## What to work on
From the first line to the last, repeat the data exactly and drop the pictures.

----- Given information -----

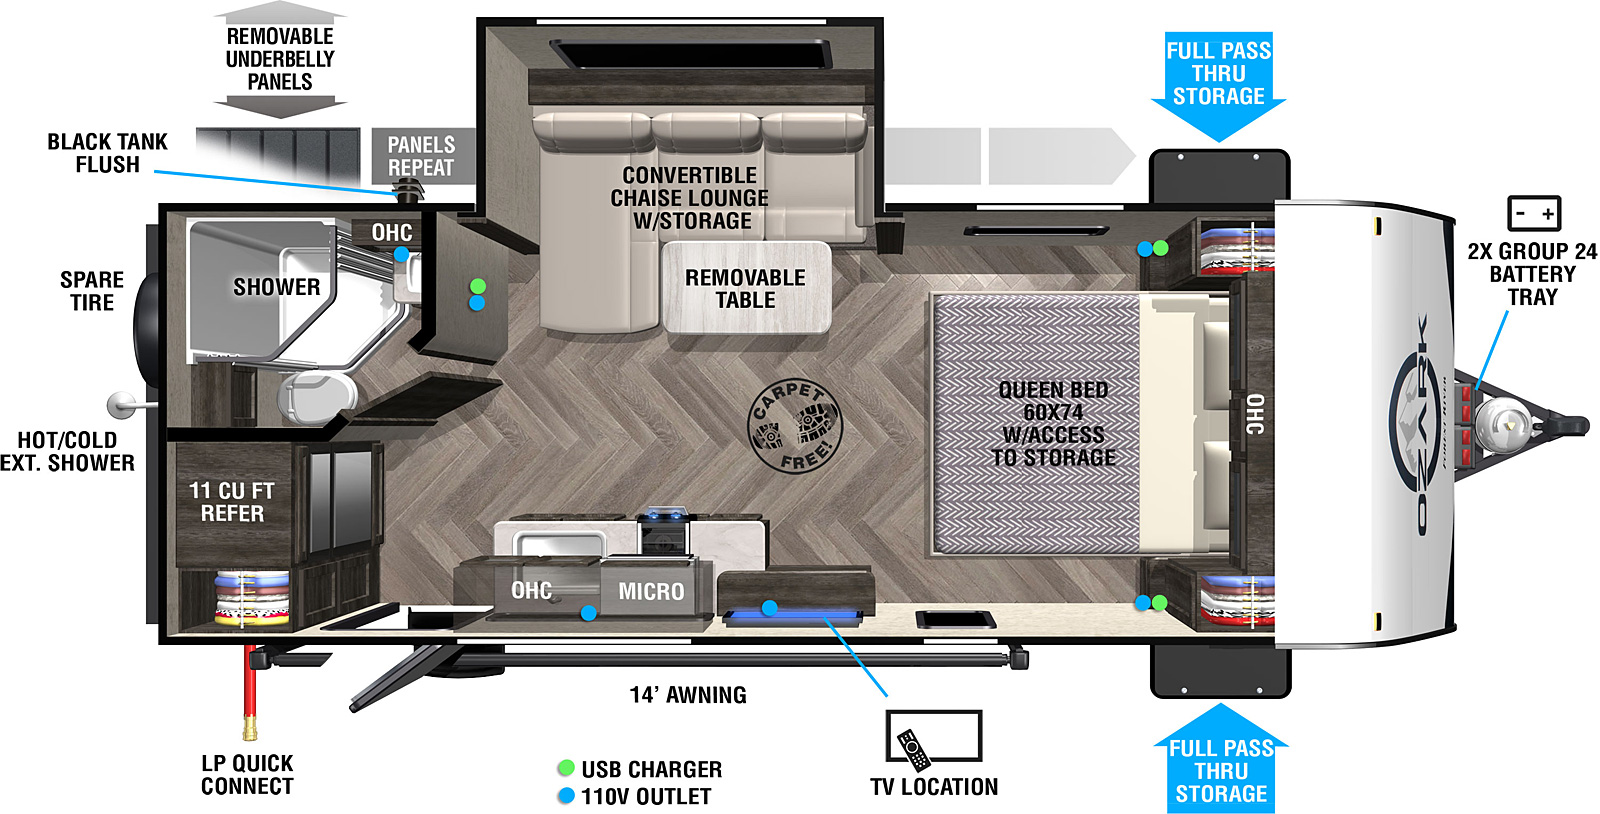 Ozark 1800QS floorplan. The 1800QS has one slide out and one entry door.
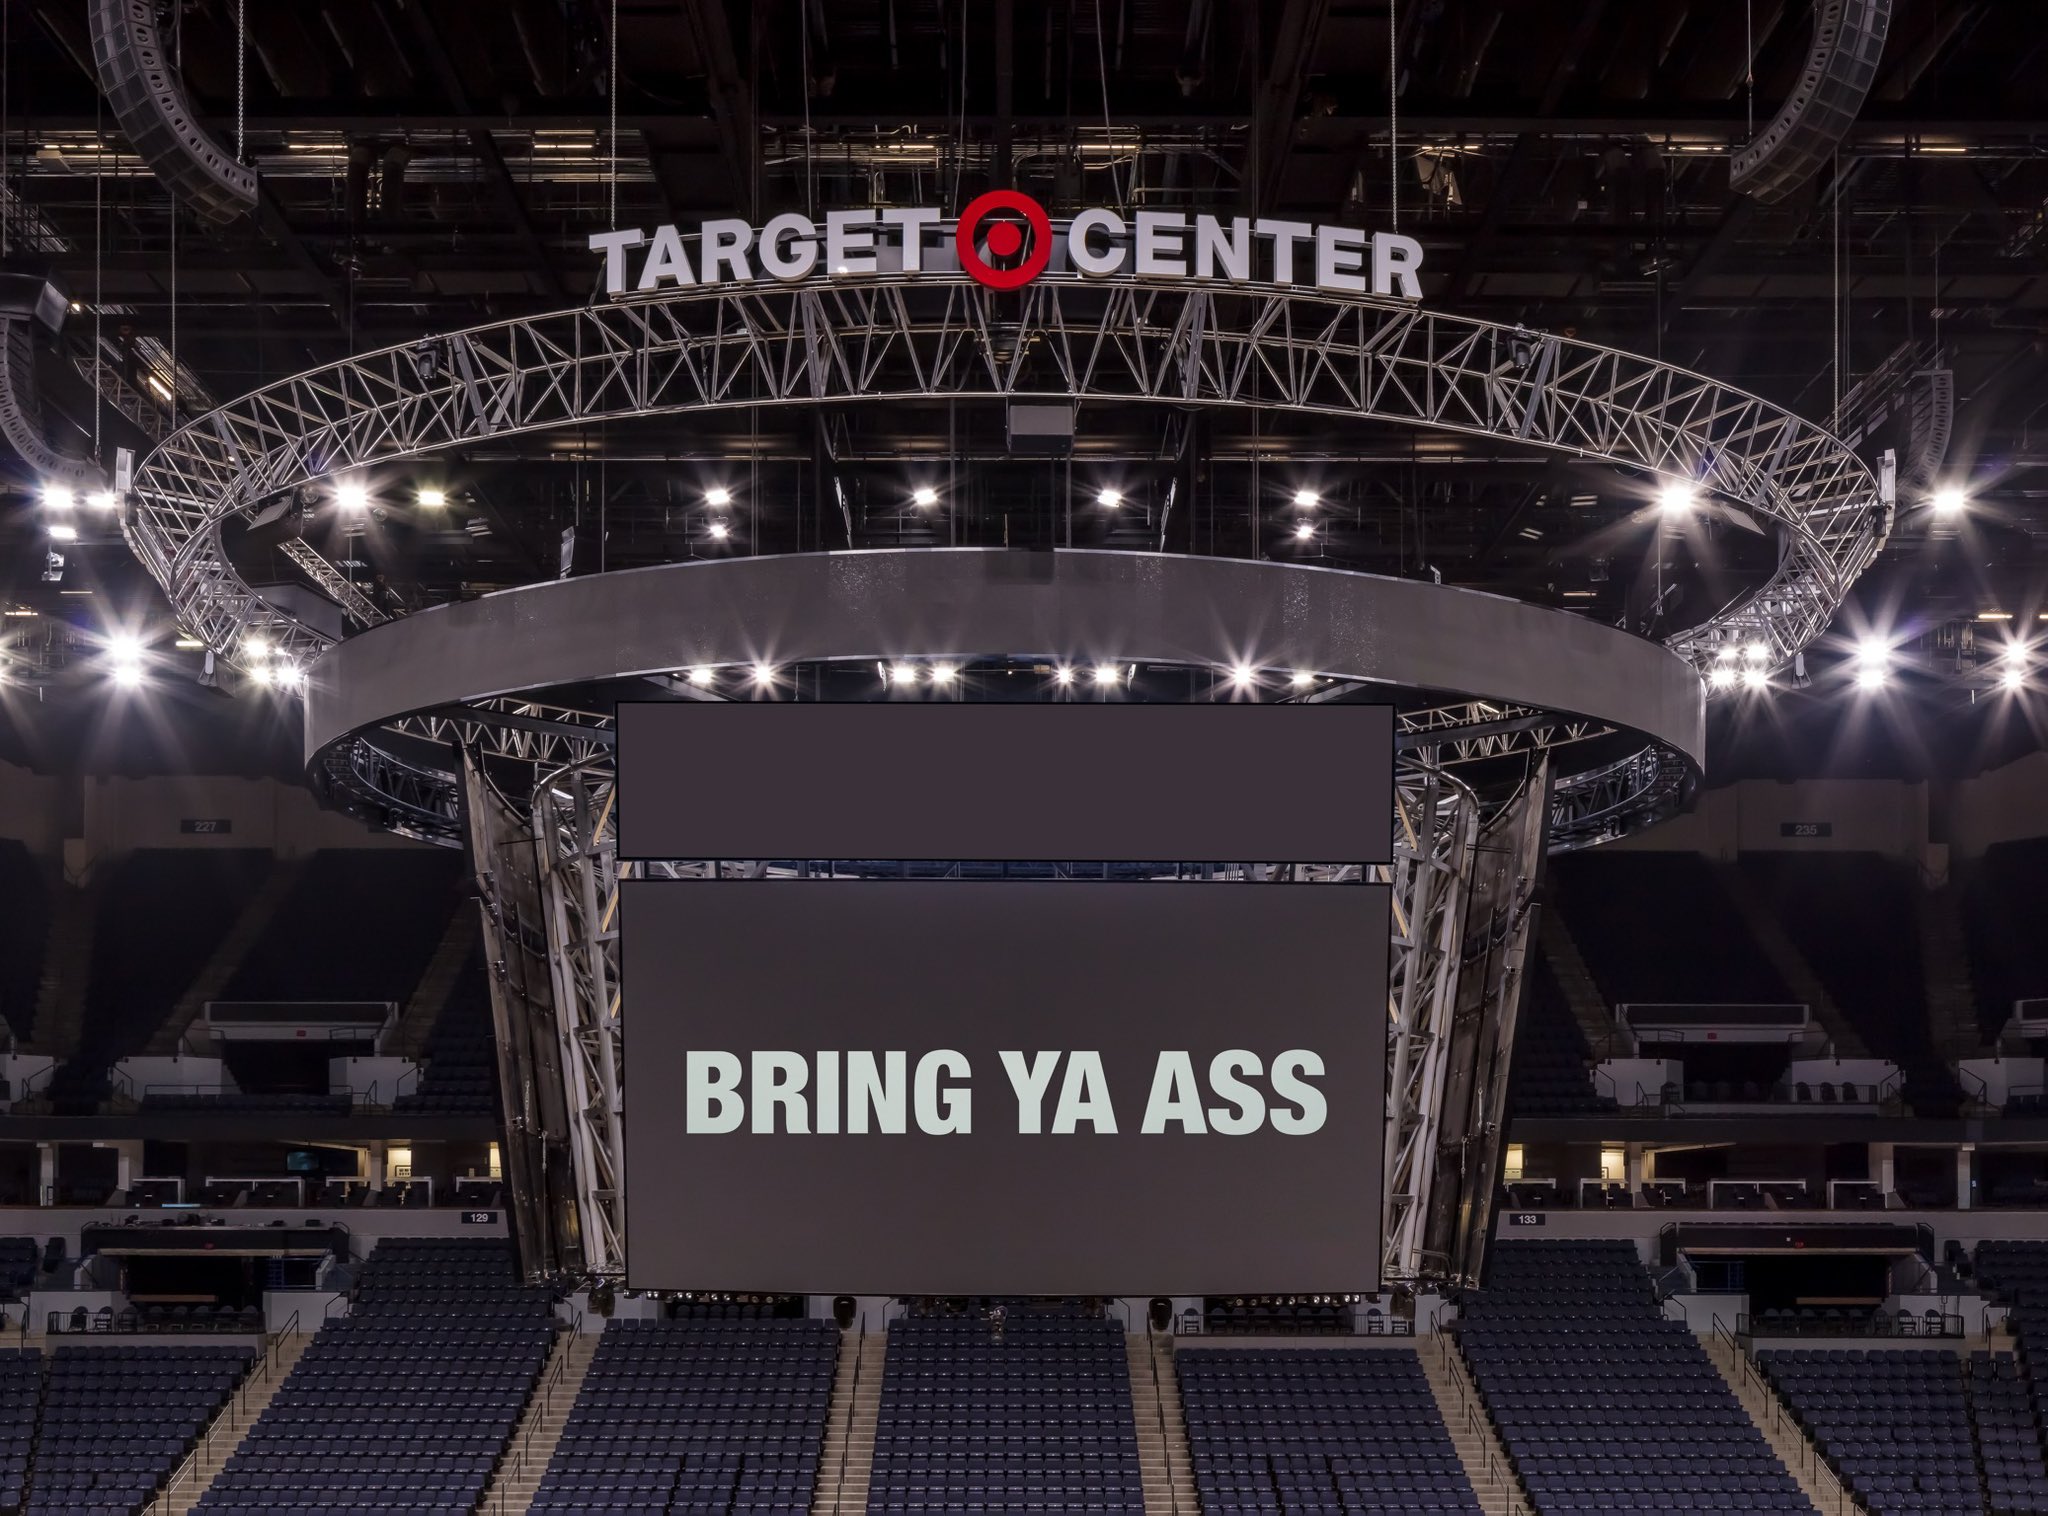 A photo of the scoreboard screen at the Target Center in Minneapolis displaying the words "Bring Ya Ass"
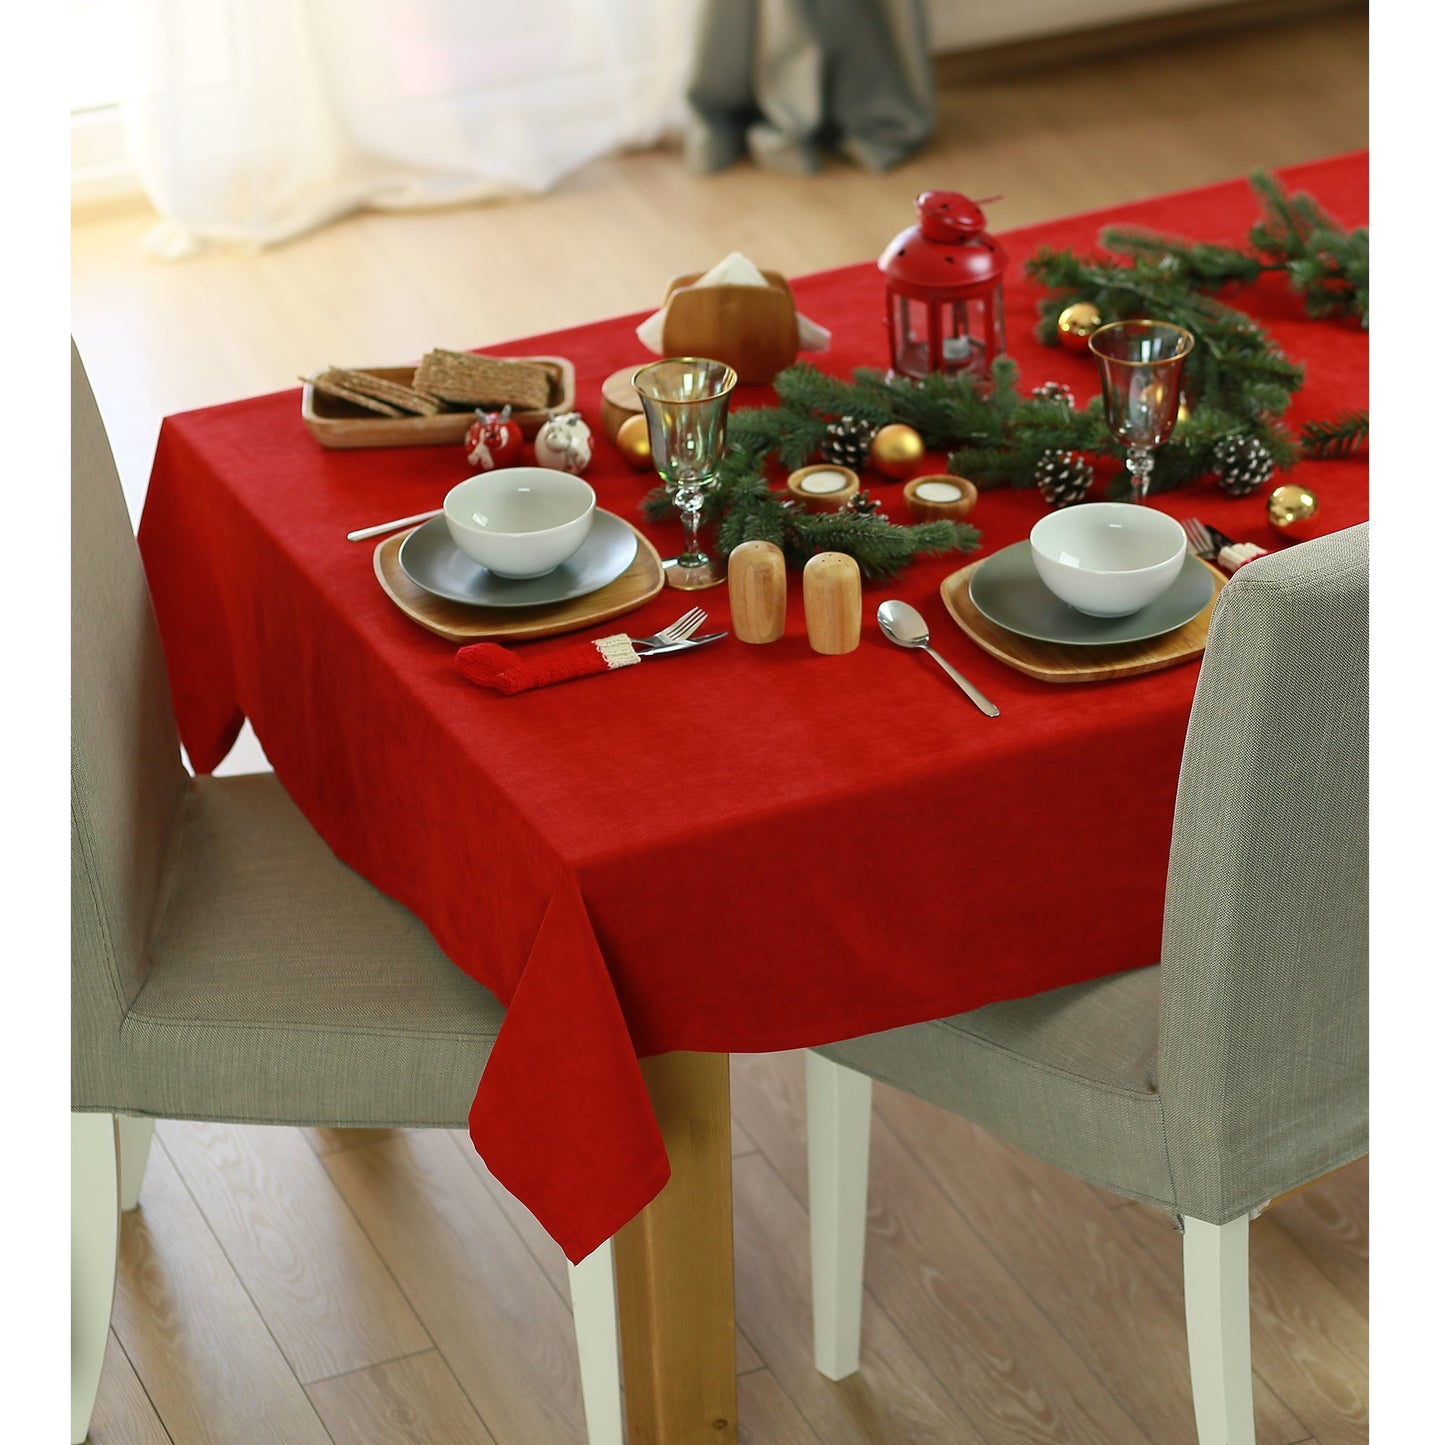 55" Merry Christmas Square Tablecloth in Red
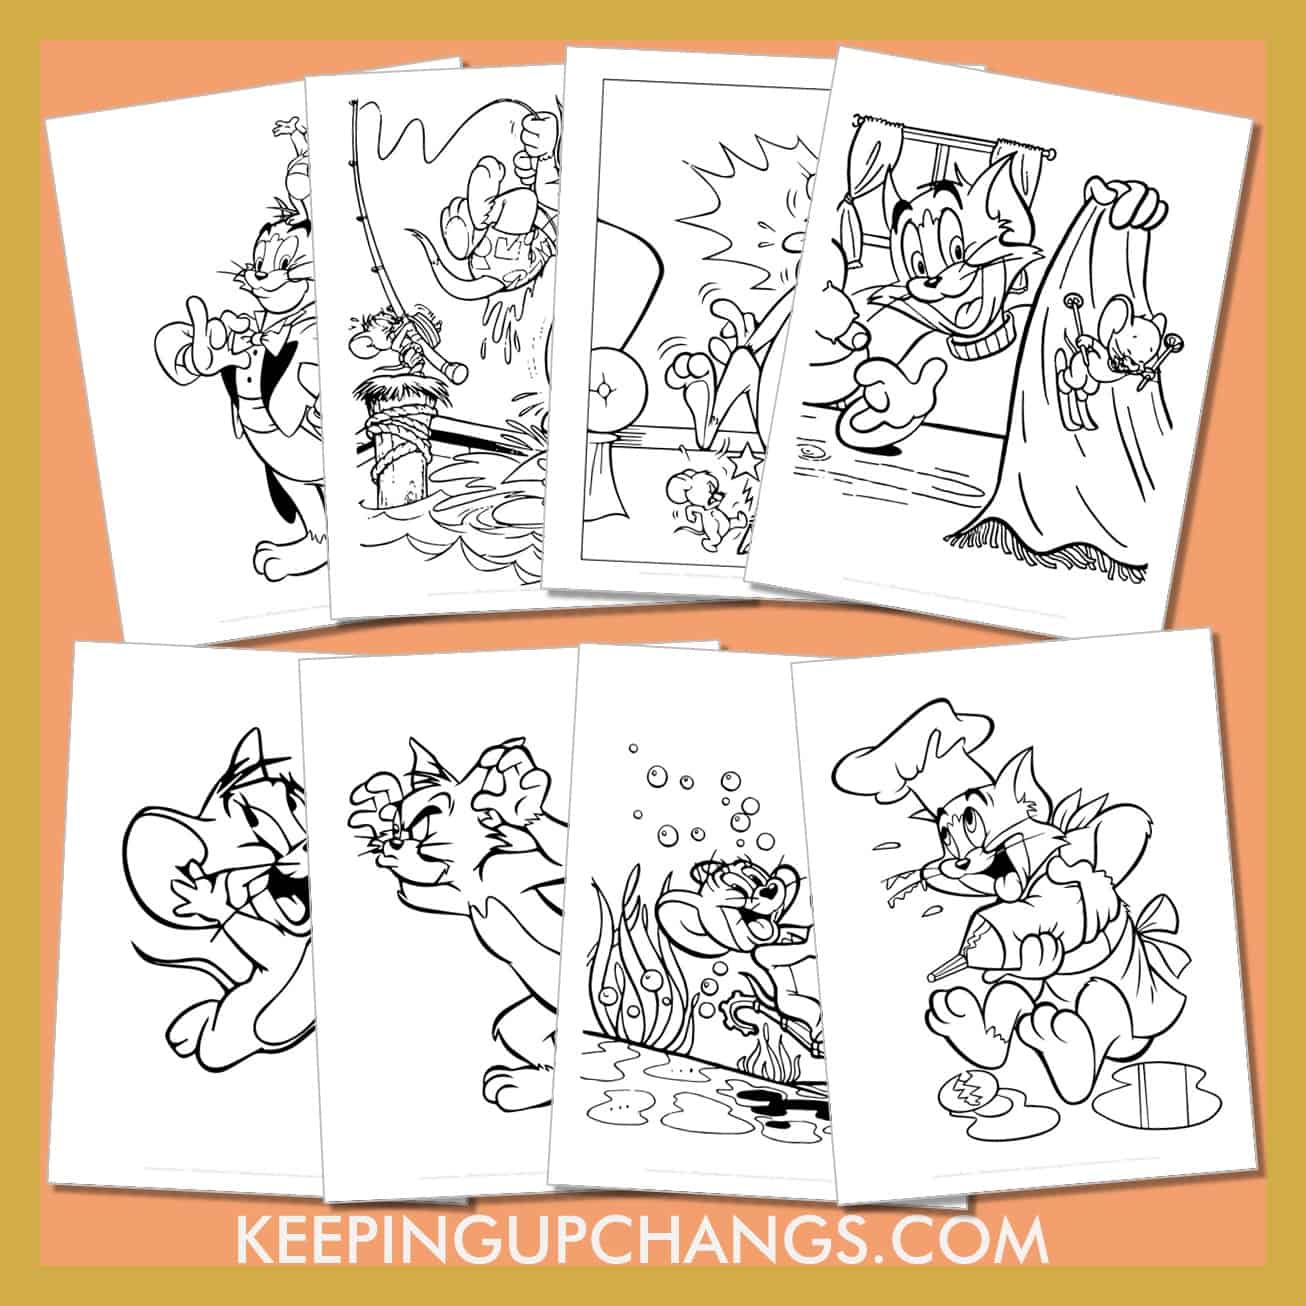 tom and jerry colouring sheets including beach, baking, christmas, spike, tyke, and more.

-----

## Task output
 Ozark 1800QS floorplan. The 1800QS has one slide out and one entry door.
 A photo of the scoreboard screen at the Target Center in Minneapolis displaying the words "Bring Ya Ass"
 55" Merry Christmas Square Tablecloth in Red
 tom and jerry colouring sheets including beach, baking, christmas, spike, tyke, and more.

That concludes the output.